What the exercise asks:
Among the entries below, the lines from the one with "Apartment Image" up to and including the one with "Subastan por 157.000" are to be restated exactly, without pictures.

Provided information:
══════════════════════════════
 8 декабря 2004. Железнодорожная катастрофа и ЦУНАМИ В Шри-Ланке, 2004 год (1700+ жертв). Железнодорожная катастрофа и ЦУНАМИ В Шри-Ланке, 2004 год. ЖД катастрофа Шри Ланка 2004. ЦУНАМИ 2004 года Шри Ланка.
══════════════════════════════
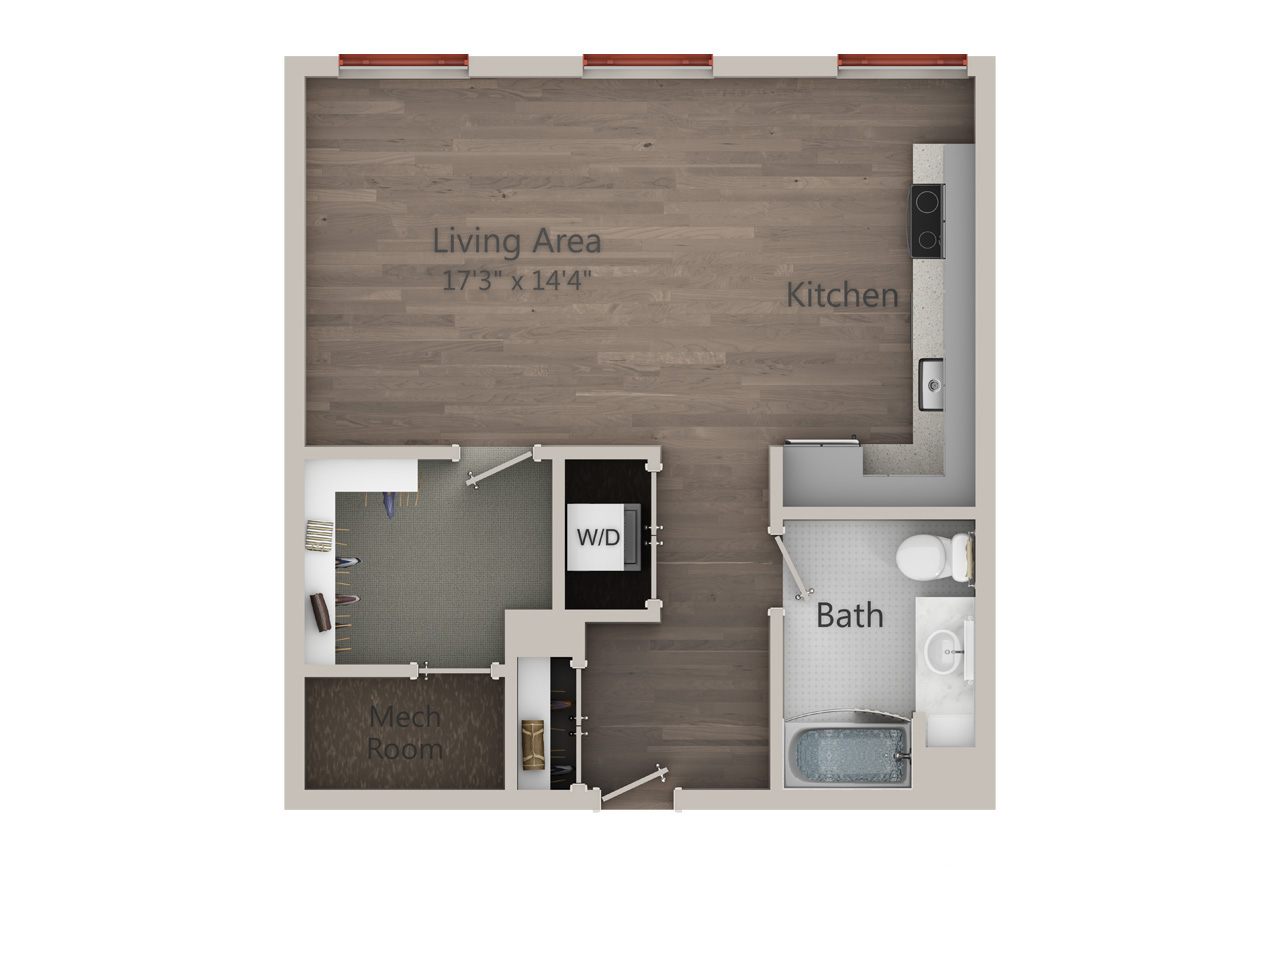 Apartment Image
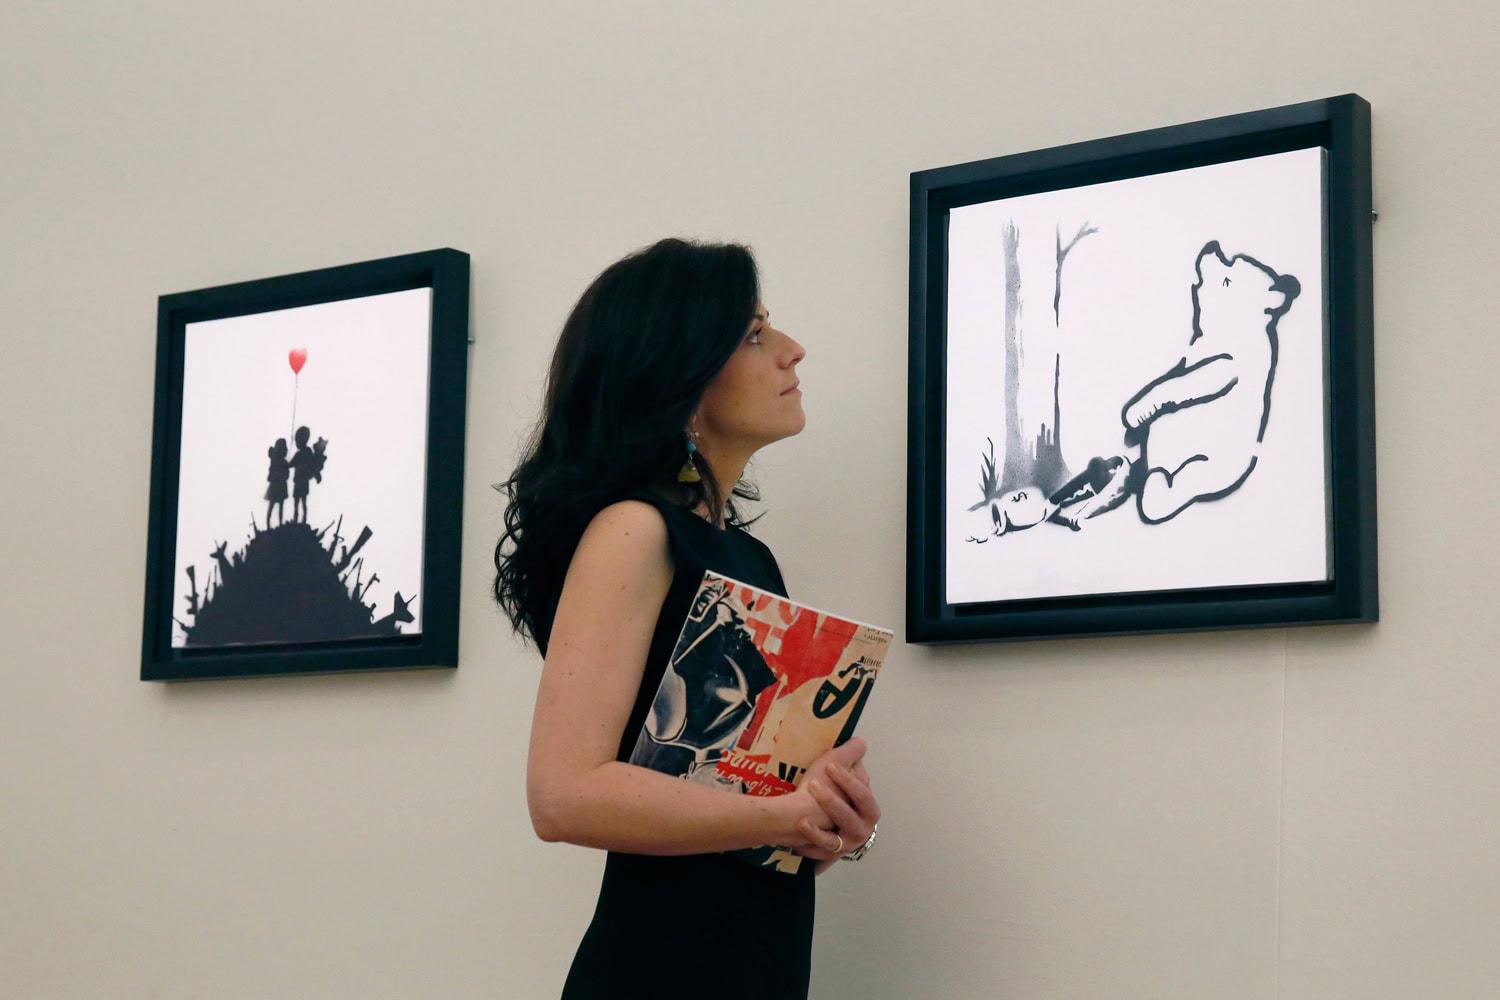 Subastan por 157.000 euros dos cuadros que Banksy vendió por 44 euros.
══════════════════════════════
Written solution:
 Apartment Image
 Subastan por 157.000 euros dos cuadros que Banksy vendió por 44 euros.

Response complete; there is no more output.